BT: Ama bu değişiyor. İnsani ilişkilerin ve samimiyetin bir sürü şeyi değiştirebileceğine inanıyoruz. Önemli olan doğru teması sağlamak. Moskova'daki büromuzda şu anda Rus, Azeri, Kazak, Ermeni, Arnavut arkadaşlarımız var. Herkes birbiriyle kültür alışverişinde bulunuyor. İlişkiler samimi olmaya başladıkça karşılama daha farklı oluyor. Buradan kalkıp Moskova ofisine gittiğimizde herkes daha güleryüzlü, daha samimi olduğu zaman yaptığımız şeylerin bir işe yaradığını görüyoruz.

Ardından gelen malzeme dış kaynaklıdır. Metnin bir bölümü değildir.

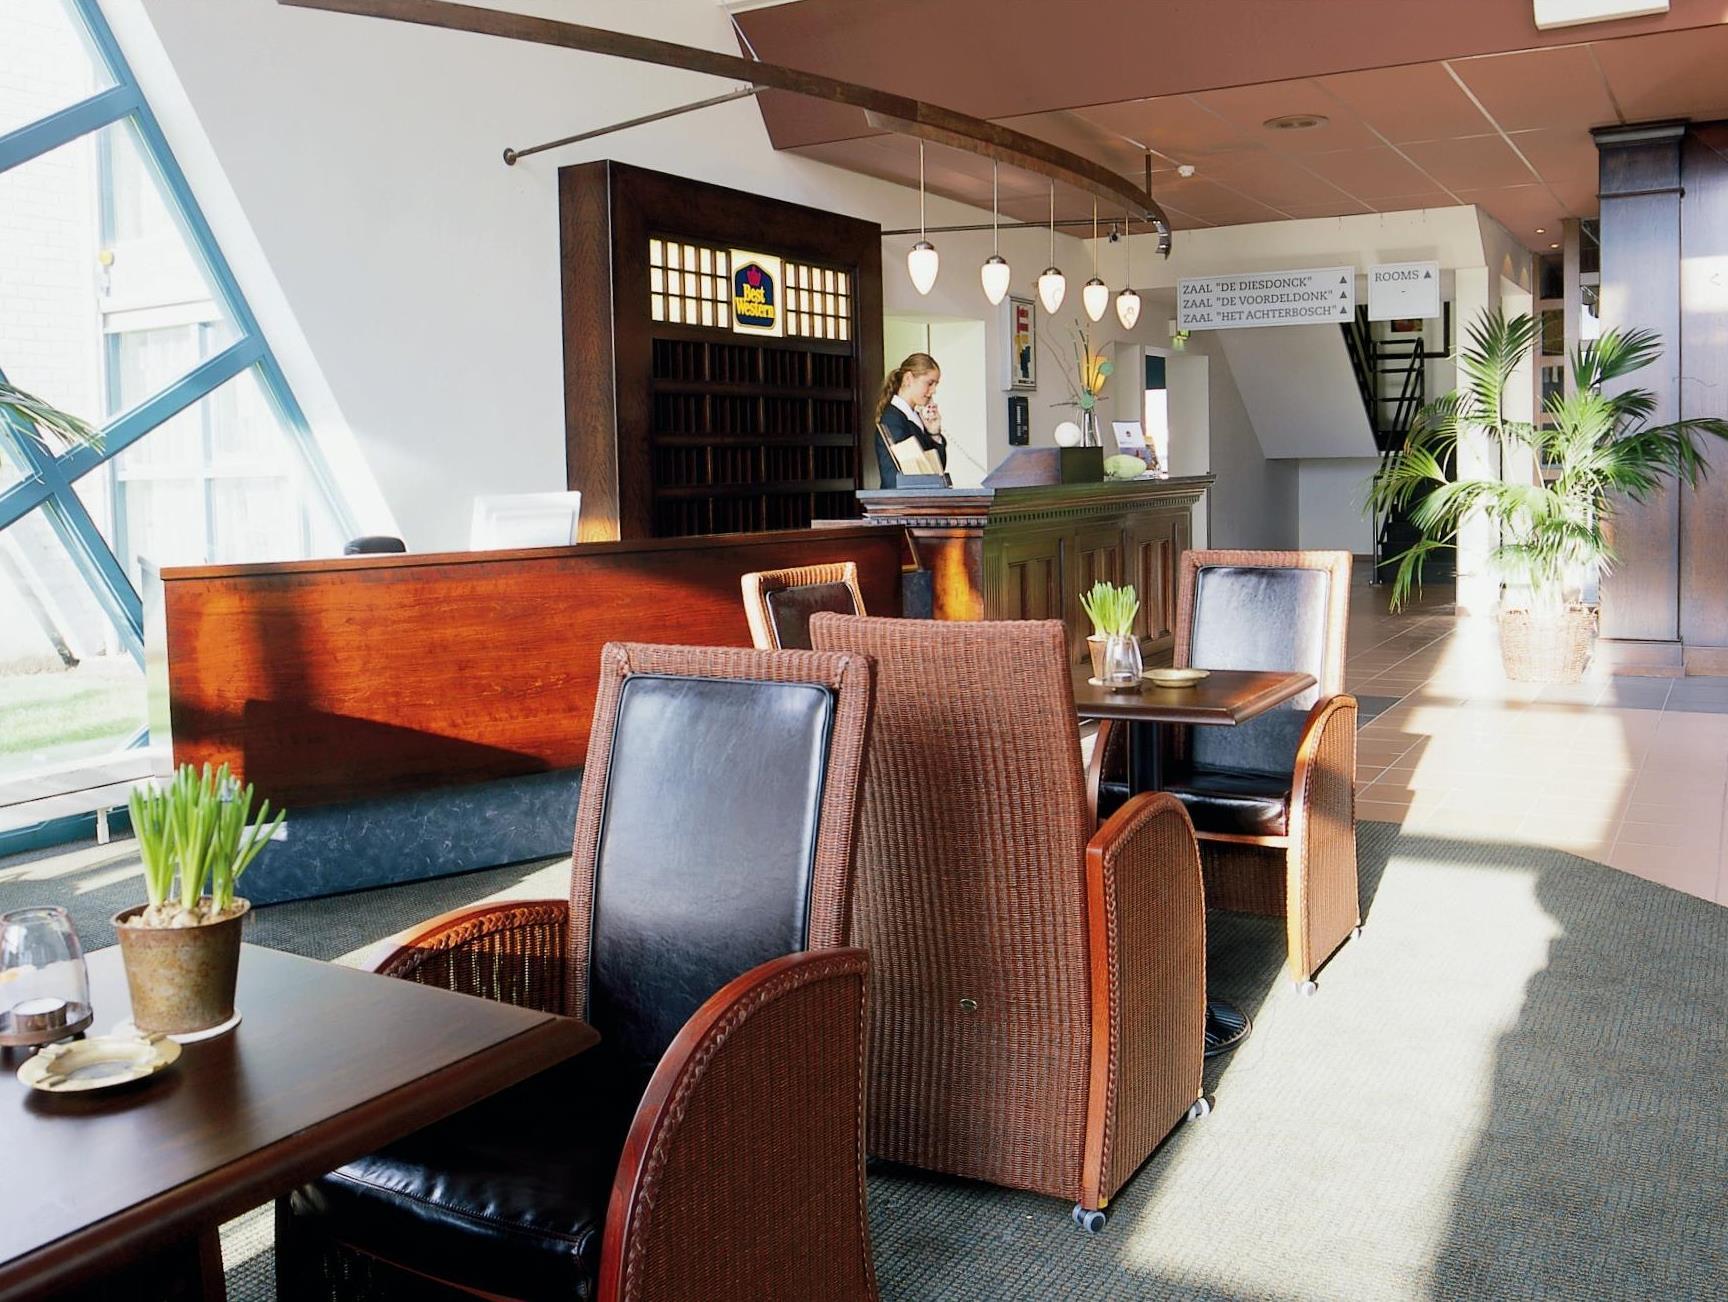 Best Western Hotel Nobis Eindhoven Venlo A67 In Asten Room

Ne sıklıkla oraya gidiyorsunuz?
BT: Haldun, Indrit ve Tolga sürekli orada oldukları için çok sık gitmiyoruz. Yine de ayda bir orada olmaya çalışıyoruz. Haldun buraya geliyor ya da orta noktada İstanbul'da buluşup toplantıları orada yapıyoruz. Ayda bir Minsk'te düzenlenen toplantılara Faruk gidiyor. Erhan, Novokuznetsk'teki otel projesini yürütüyor. Zaten şu anki teknolojik imkanlar ile devamlı yüz yüze görüşebiliyorsunuz. Tabi bir şeyleri paylaşmak, yüz yüze bakmak apayrı bir şey, onu da yapmaya çalışıyoruz.
Rutininizi öğrenmek açısından sormuştum.
BT: Rutinimiz şöyle, eğer bir işe başlayacaksak yeri görmek için ilk toplantıda bulunuyoruz. İki üç günlüğüne gidip geliyoruz.

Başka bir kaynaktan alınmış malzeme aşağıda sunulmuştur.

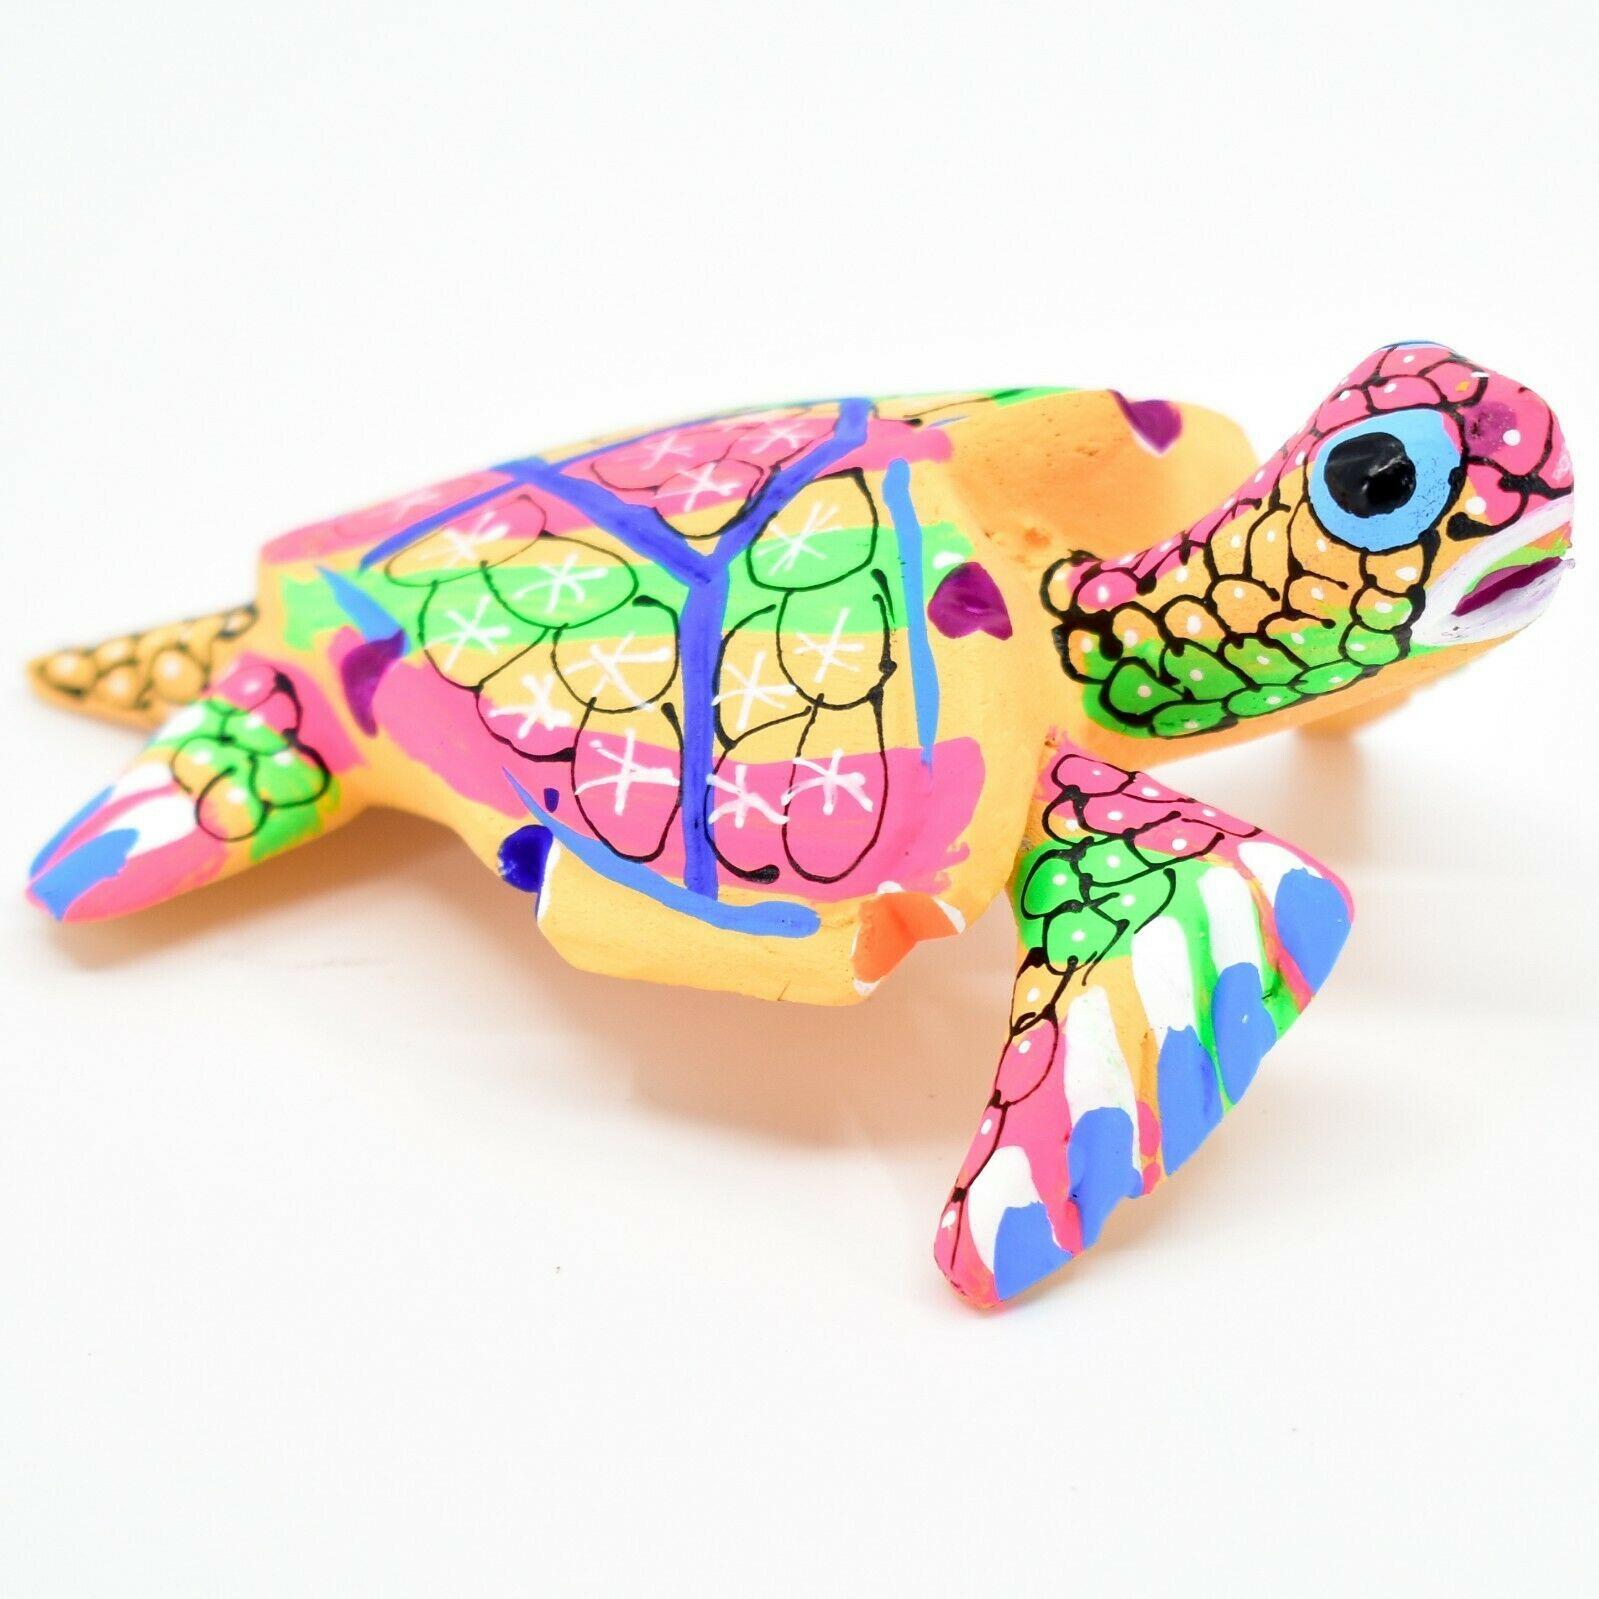 Handmade Oaxacan Copal Wood Carving Painted Sea Turtle Marine Figurine

EA: Bu, projeyi anlamak için de önemli. İşverenle görüşmede yaşanan bir sorun oraya gittiğinizde çok netleşiyor. Aklınıza gelmeyecek en ufak soruna orada dünyanın en önemli sorunuymuş gibi bakılabiliyor. Buradan onu anlayamayabiliyoruz.

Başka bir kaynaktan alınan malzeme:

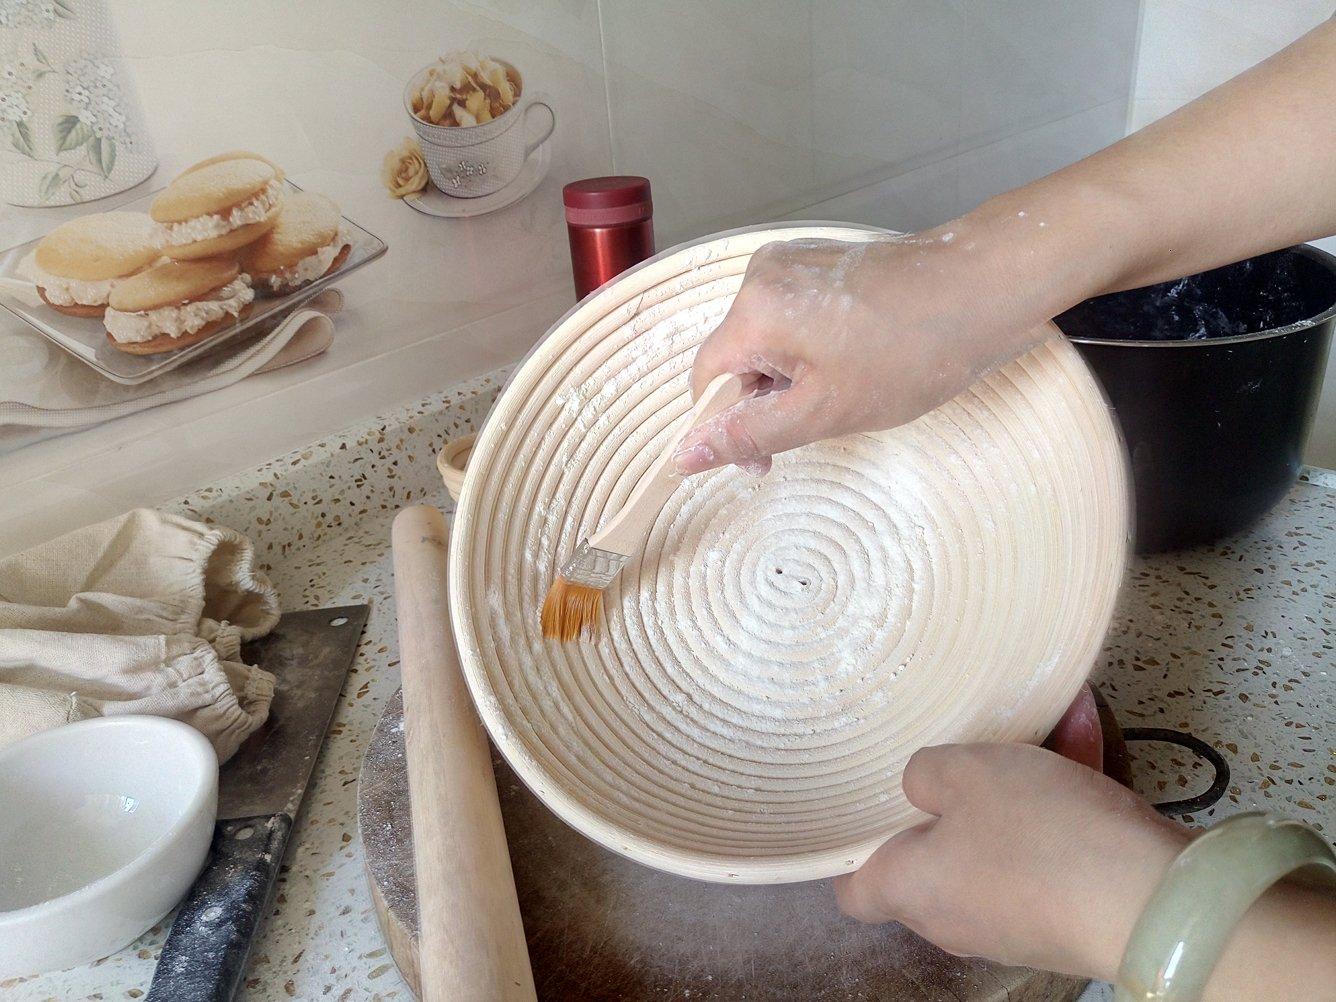 M JINGMEI Banneton Proofing Basket 10'' Round Banneton Brotform for Bread and Dough [Free Brush] Proofing Rising Rattan Bowl(1000g Dough) + Free Liner + Bread Lame by M JINGMEI (Image #3)

Bir örnek vermek gerekirse...
EA: Mesela Rusya ofisinden iki arkadaşla şantiyedeki son toplantıya gittiğimde kalabalık bir ortam vardı. Taşeronlar, malzemeciler, işveren ve ekibi orada. Şantiye devam ediyor, kaba inşaat bitmiş, ince iş başlamış ama bir sürü sorun var. İç mimari ile ilgili sorunları tartışıyoruz. Bir ara işveren bir pafta açtı ve "Bu ne?" dedi. Rusça demesine rağmen anlıyorum tabi. Acaba ne yaptık dedim, bizim pafta çünkü. Meğer bir sistem detayının yanındaki numara yanlışmış. Böyle bir şeyi akılları almıyor. En ufak bir sorunda takılıp kalıyorlar. Neyse ki Serdar Turan bu konuda atak da "Olur mu öyle şey!" diye kızdı, atıştılar ve sorun çözüldü. Ama bu tip bir anlaşmazlık hakikaten büyüyebiliyor.
GT: Burada görsen bakıp geçersin, konu bile etmezsin.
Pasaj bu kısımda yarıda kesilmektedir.